A Pennsylvania jury awarded an Indiana woman a $28 million verdict in the state’s first Xarelto lawsuit trial. The plaintiff suffered gastrointestinal bleeding about a year after being prescribed the blood-thinning drug, according to a press release.
The verdict followed nearly a month of testimony in court of Common Pleas. The plaintiff’s attorneys accused Johnson & Johnson and Bayer of downplaying the potentially life-threatening side effects of the Xarelto drug.
It took the jury less than two days to come to a verdict, awarding the plaintiff and her husband $1.8 million in compensatory damages and $26 million in punitive damages.
Pharmaceutical giants Bayer and Johnson & Johnson have been named in more than 20,000 lawsuits related to the Xarelto drug. Approximately 2,000 of those lawsuits are part of the mass tort program in Philadelphia.
Plaintiffs claim that the two companies failed to give patients and doctors adequate warnings about the drug’s potentially serious side effects, which include internal bleeding. The drug companies have also been accused of marketing Xarelto as a superior alternative to the blood thinning drug warfarin.
The lawsuit notes that bleeding associated with warfarin can be stopped through the administration of vitamin K. There are currently no approved methods of reversal for bleeding events associated with the Xarelto drug.

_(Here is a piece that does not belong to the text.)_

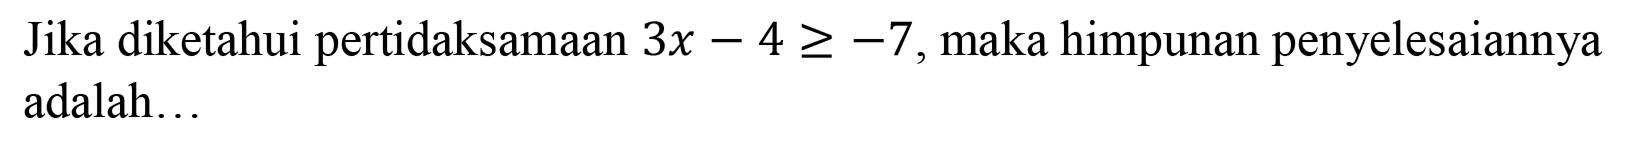 Jika diketahui pertidaksamaan 3x-4>=-7, maka himpunan penyelesaiannya adalah ...

Federally-filed lawsuits related to Xarelto are centralized in the U.S. District Court, Eastern District of Louisiana. More than 19,000 cases are pending.

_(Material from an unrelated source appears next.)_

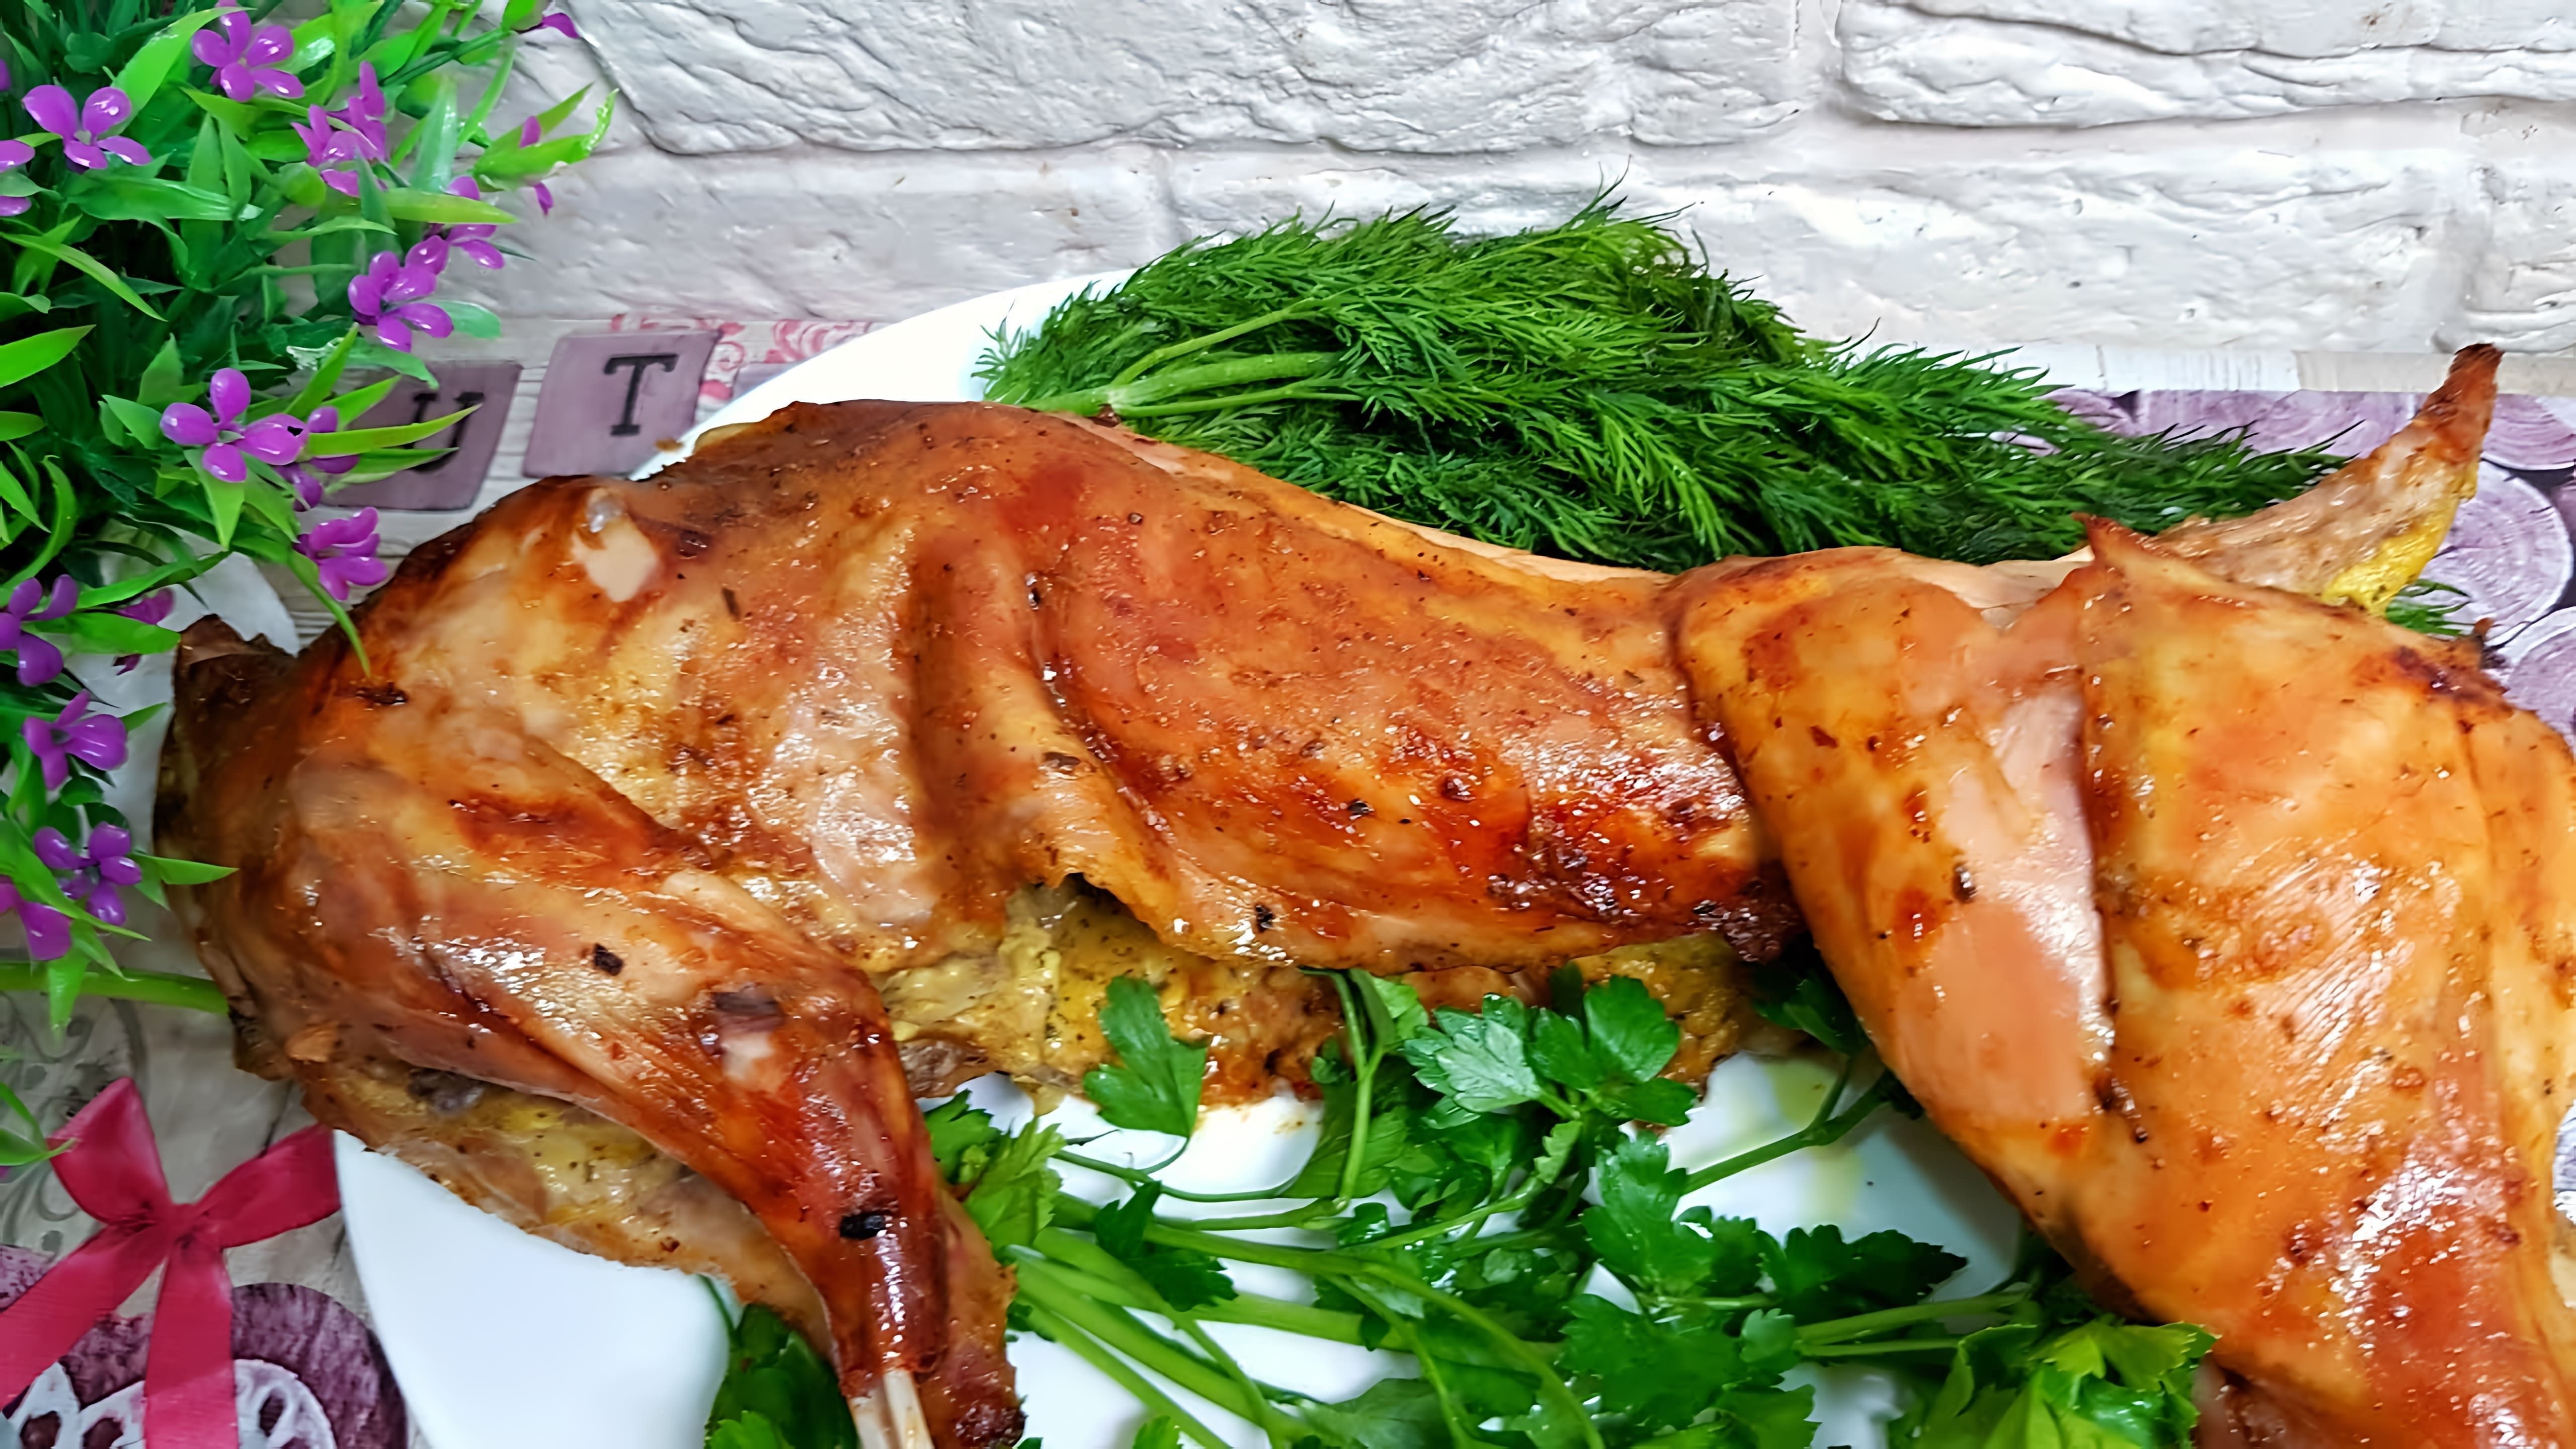 Видео рецепт жареного кролика, который идеально подойдет для праздничного стола или любого приема пищи

Three trials have been convened, all of which were defense verdicts.
Xarelto has been approved:
- To reduce the risk of pulmonary embolism and thrombosis.
- For prevention of stroke in people with non-valvular atrial fibrillation.
- To prevent deep vein thrombosis.
- To treat pulmonary embolism and deep vein thrombosis.
Internal bleeding is a known risk of blood thinners, but those who have filed Xarelto lawsuits claim that the drug manufacturers wrongly marketed the medication as an improvement to warfarin.